The point of the article is to highlight that object cloning is a shallow copy and not a deep copy. It also highlights the difference between variables assignment of non-objects, pass-by-value, and variables that are assigned objects, which is by reference.

If you want a complete copy of an object do a deep copy and make sure you clone all the way down the object graph. Of course you may want to do something else with the functionality of the __clone method.

Hope that helps.

I'm quite confused with your "shallow" and "deep" cloning stuff. When you "clone" you allocate the same amount of space as the original object and copy all contents. Here you got two strings (19 chars total) and let's say 4 bytes for the pointer to the object. That's 23 bytes (let's say 1 char = 1 byte). What do you expect that the contents of the pointer to "Company" is? The same!

You "deep" cloning does a cascade of cloning of objects below. That means IF you change the contents of the original object, it only affects one of the copies!
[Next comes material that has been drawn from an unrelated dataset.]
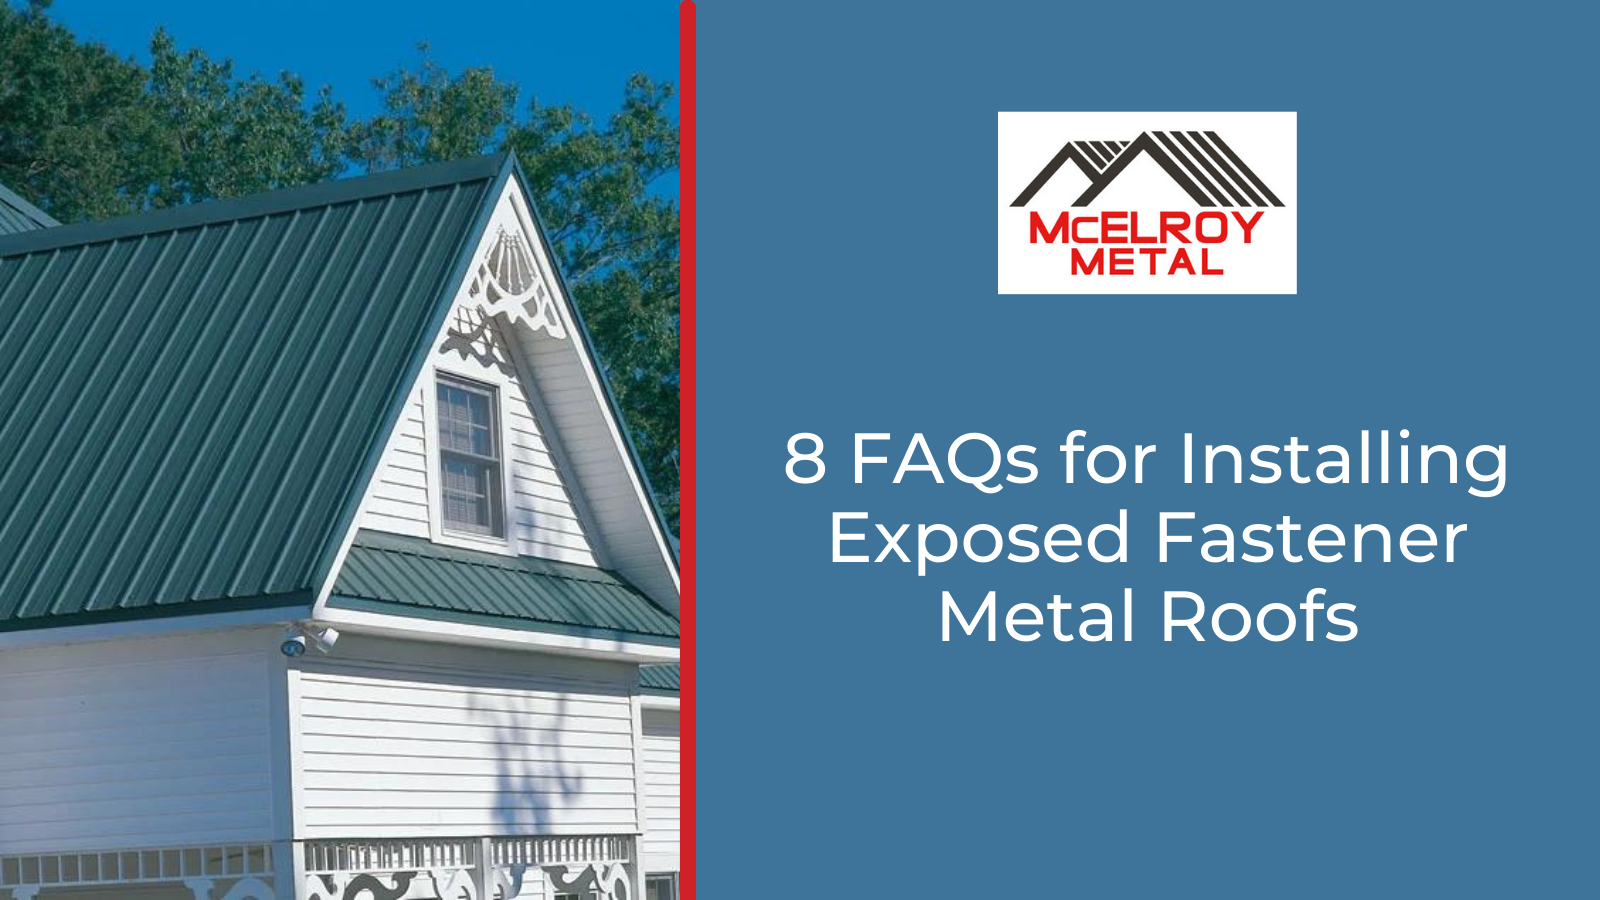 8 FAQs for Installing Exposed Fastener Metal Roofs

I'm not quite sure THAT is what you want.

Worse, if you do "deep" cloning and there is a circular reference in your objects you're gonna waste a lot of memory!

My point is, that at some level this post shows there is little conceptual idea of that is actually modeled and (may be worse) what is happening under the hood if you use "deep" cloning.

In other words: there is nothing "shallow" in the cloning that is performed. You wanted a copy of an object and you got exactly that. That it doesn't "behave" as "expected" has to do with shallow knowledge, not shallow cloning. And if one doesn't understand what he/she is doing, your "solution" may even be worse.

Mark Clarke's picture

Well the reason you would want to do a deep copy is probably the same reason you would want to do a shallow copy except with the added n requirement that you want a complete copy of the object. Perhaps you have never had this requirement in your applications.

This is often the case, for example when you are using value objects or data transfer objects or when you wish to make a defensive copy of an object so some other code doesn't change the object state while you working on it. (This is only a problem in multi threaded applications though so maybe not that big a deal in PHP.)

Alternatively you want to make sure that your api does not allow other functions to change the state of objects you have reference too, so return a copy.

As for the problem with circular reference thats exactly why you have to implement the __clone method yourself. You would write code to detect any such problem.

Your view on the irrelvance of the need for deep copying begs the question -"why is there a clone method in php?" I am sure that you can happily code in PHP without ever needing to do a deep copy if you can avoid it, but that doesn't mean the need doesn't exist.

Another way to be sure to make a deep copy, is to use "serialize" function.
$new_obj = unserialize(serialize($obj));

I think that it is faster than using "__clone()". But you have less control, and the code is not as beautifull as using "__clone".